横田基地の軍民共用化は、石原慎太郎東京都知事が選挙時に唱えた「横田基地返還」の公約が、何時の間にか衣替えをしたものであり、共用化についてはマスコミでよく取り上げられますので、ご存知の方も多いことと思います。
私は、戦後60年に渡る日本政府の姿勢転換を、町民にどの様に説明してくれるか問いたいと思います。即ち、基地の存在意義が「極東の安全・日本の平和」から「儲かります(経済性)。便利になります(利便性)。」との世間事情に変わってしまうのか、という事です。
そして、肝心なことは、飛行直下にある地方自治体に対する、航空機騒音への対応です。日本国土の防衛が、いつの間にか利便性・経済性に置き変わり世論誘導だけが進んで行き、マスコミも同調している傾向があるように感じております。
今回のセミナーは、なかなか進まぬ共用化について、挽回策として企画されたものでありましょうが、成功とは言えないものとなりました。東京新聞を除く、新聞各社は報道に積極的ではありませんでしたし、米国バージニア州(アレキサンドリア)The Spectrum Groupの(TSG)に発注した調査結果も私には、不十分なものに思えました。
この調査に要した費用についてはさておいて、当日配布された資料によれば、更なる調査(費)の要望が出されています。

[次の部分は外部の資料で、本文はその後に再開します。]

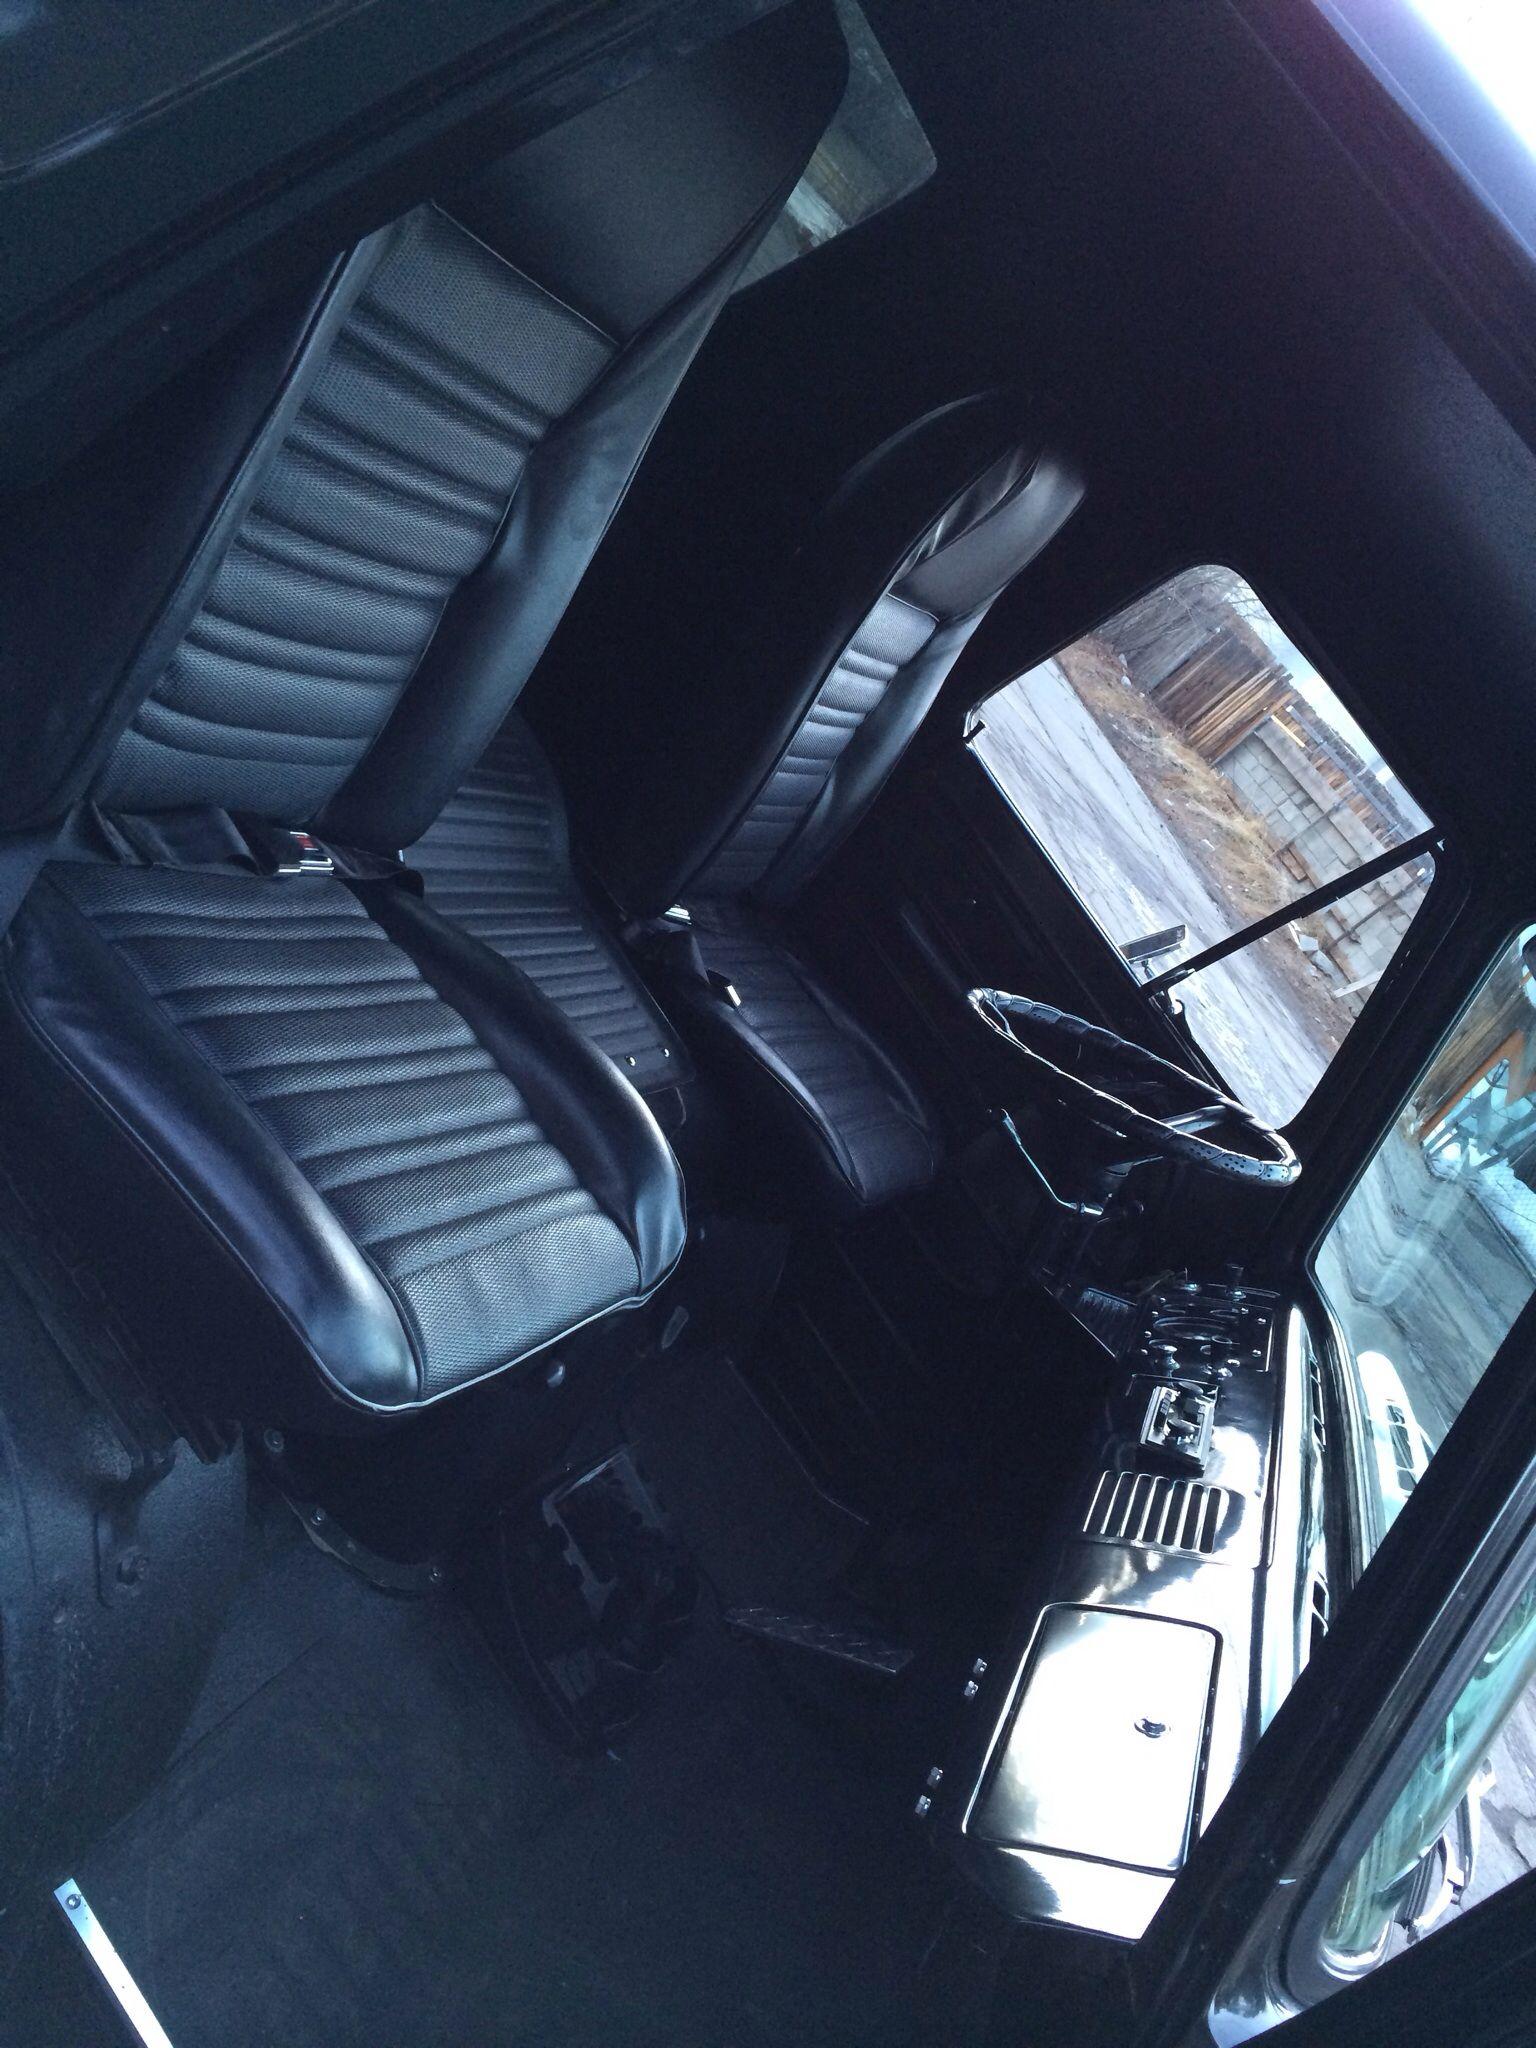 1961 Ford Falcon Econoline Truck interior

そして、やはり航空機騒音に対する言及はなく、この2点が気になりました。
私は、瑞穂町制施行と同じ年の昭和15年に生まれ、同年に横田基地(前・帝国陸軍多摩飛行場)が完成しました。そして現在私は、瑞穂町長の職に就いております。
奇しくも3点が一致する運命に遭遇し、町民3万4千人の期待に応え、横田基地問題に全力で対応することが私の使命と考えております。
在日米軍の再編に際し、全国の関係市町村に先駆けて航空自衛隊との共用の容認を公表致しましたが、それは日米運命共同体の一国民の義務とも感じ、また、私が基地問題に当る申し子と思うからでありました。